Genealogy - Mark Hopkins estate
I am doing genealogy research and was trying to found out if any one might be able to tell me if there was any letters that have to do with re-opening the Mark Hopkins estate. The time period would be around 1934. The letters that I am refering to might be sent from a Judge James Henry Longden or his wife Herrieatta Longden. I am attaching some information that might help you better understand what I am refering to. ...
—Larry Hudson
5 Comments:
From: "Chris Graves" caliron@cwnet.com
This has been discussed for many many years, with no resolution. Good Luck!
—gjg
From: kylewyatt@aol.com
The most systematic presentation I've seen so far is at [the Mark HOPKINS & Mary Frances SHERWOOD page].
The best explination I've heard suggests that there were two Mark Hopkins in California; one from New York and one from NorthCarolina/Tennessee.
The railroad Mark Hopkins was clearly very involved in early Republican Party politics in California – as a quick look at his associates in the Central Pacific will show. This seems less likely for a man from the South. Further all of the principal Central Pacific founders came to California from upstate New York (although Huntington was born in Connetecut). Again, it seems unlikely that a Southerner would have fit into this group. And we know that Mark Hopkins returned from California to marry his first cousin in New York in 1855 or so – she also being from New York.
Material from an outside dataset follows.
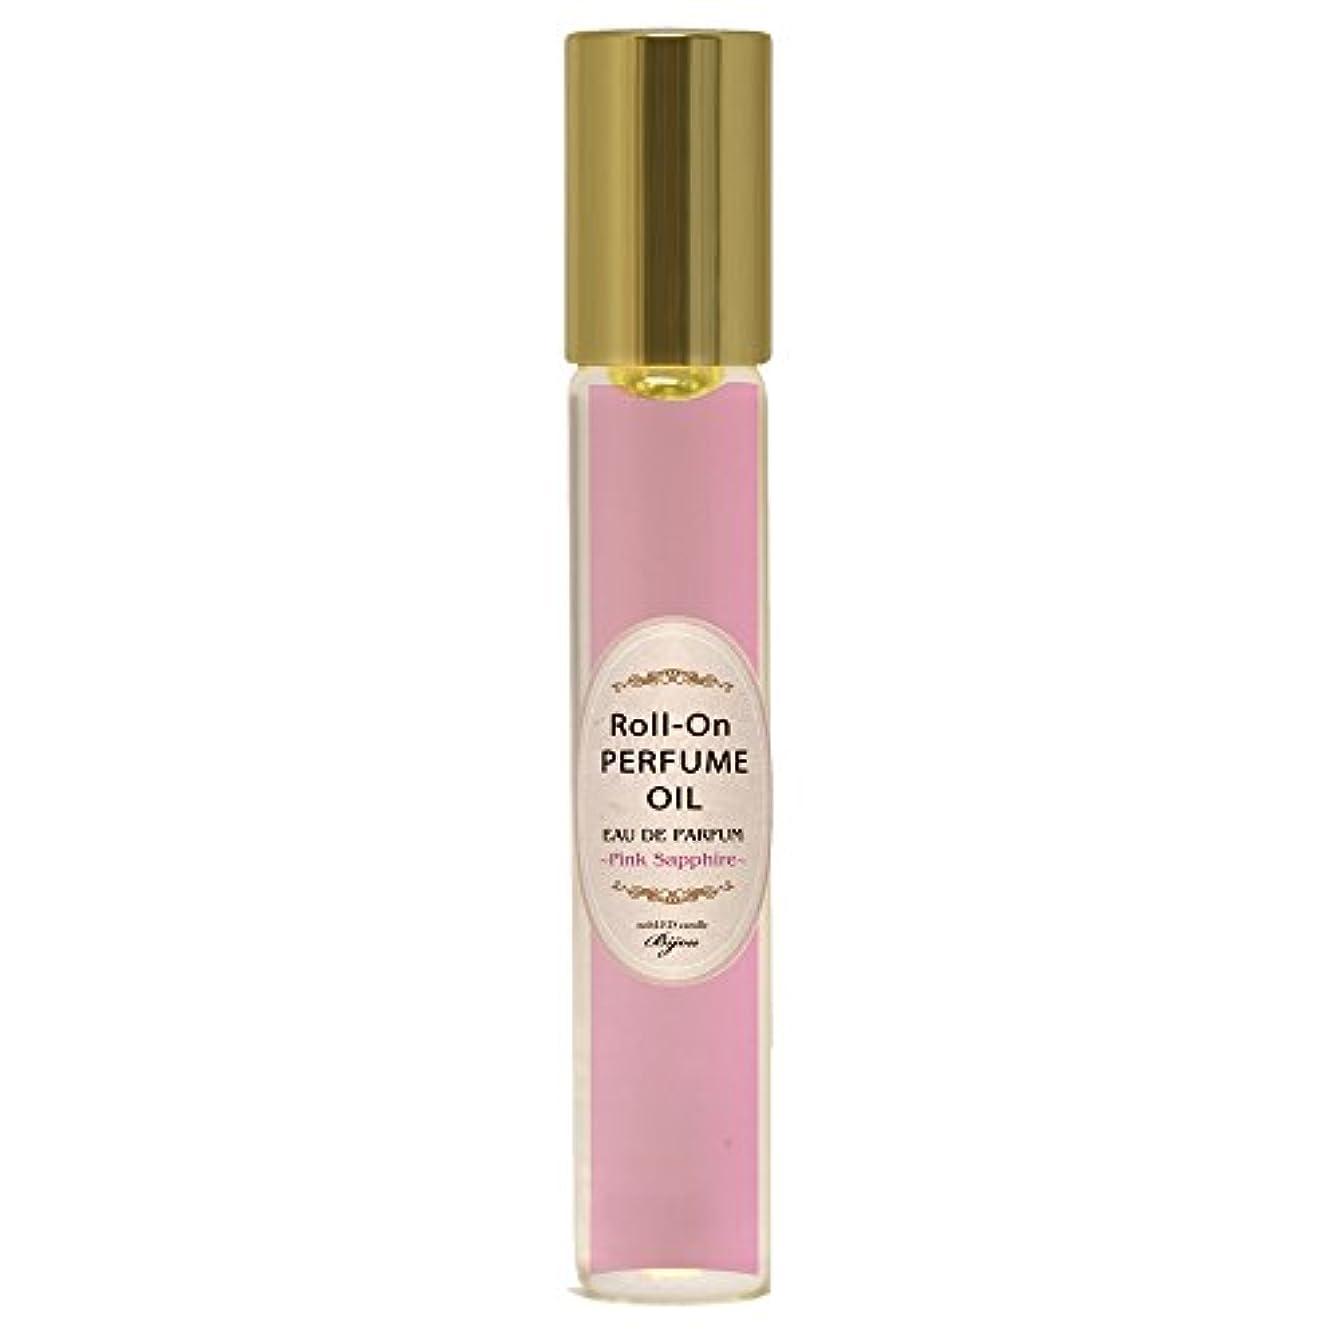 舌ネーピア狐nobLED candle Bijou ロールオンパフュームオイル ピンクサファイア Pink Sapphire Roll-On PERFUME OIL ノーブレッド キャンドル ビジュー

My suggestion would be to look through the 1850 and 1860 manuscript census reports to find a Mark Hopkins that is not from New York.
—Kyle
I have letters from Judge Longden to my great-grandmother. These letters range from about 1929-1934.
I have about 6 or 7 letters.
Dear sharann,
Can you please either e-mail scans and/or transcriptions of the letters to museum@CPRR.org or tell us how someone can get in contact with you?
Thanks.
Also see, "Artist Hunt Slonem buys Searles Castle in Great Barrington; 'My heart is in it.'" By Heather Bellow, The Berkshire Eagle.
"It was Mark Hopkins, one of the founders of the Central Pacific Railroad, who had built the 40-room, blue dolomite castle for his wife, Mary Sherwood Hopkins. After Mark Hopkins died, Mary Hopkins married their interior designer, Edward Searles, who continued to design the castle and maintained it long after her death. He was 30 years her junior, according to A History of Searles Castle, by Lila Parrish."